The US factory goods’ new orders posted their record biggest decline in August as the volatile aircraft orders plunged badly during the month.
The US Commerce Department report, released on Thursday, showed a significant drop of 10.1 percent in the new orders for manufactured goods. Market analysts say this was the biggest decline in records going back to 1992.
The core capital goods, which are considered to be a proxy category for business investment, managed to slightly increase 0.4 percent in August, after recording a 0.1 percent drop in July.
If the transportation orders, which were depressing due to a setback in the volatile aircraft component, were stripped out, the new orders for other manufactured goods were also disappointing.
According to a group of economists, the total new orders received by the US factories were predicted to decline 9.3 percent.
The financial experts expressed in the US manufacturing sector, saying it continued to expand even if the growth pace was moderate.
According to the Institute for Supply Management, its gauge of manufacturing factory activity showed growth at slower pace in September.

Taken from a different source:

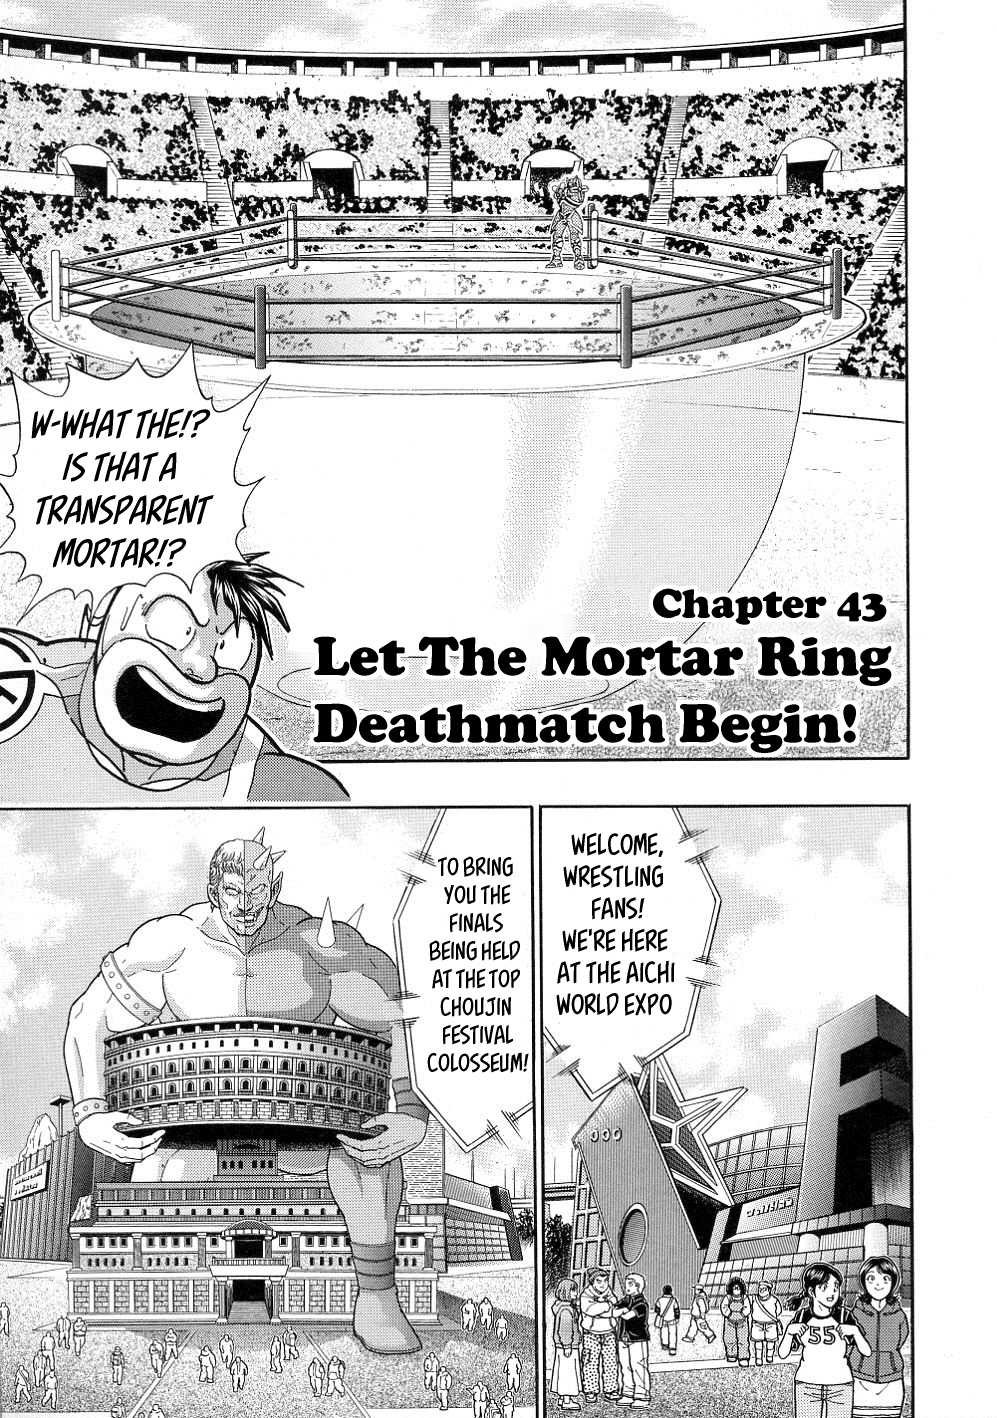 Kinnikuman II Sei: All Choujin Daishingeki Vol. 3 Ch. 43 Let The Mortar Ring Deathmatch Begin!

The transportation equipment orders fell 42.2 percent in August. The development was also made clear in the government’s report on orders on durable goods, released on September 25.
Meanwhile, the Commerce Department revised slightly lower its estimate for growth in non-defense capital goods orders, excluding aircraft during the month of August. According to the department, the slight drop in this gauge in July was smaller than earlier estimated.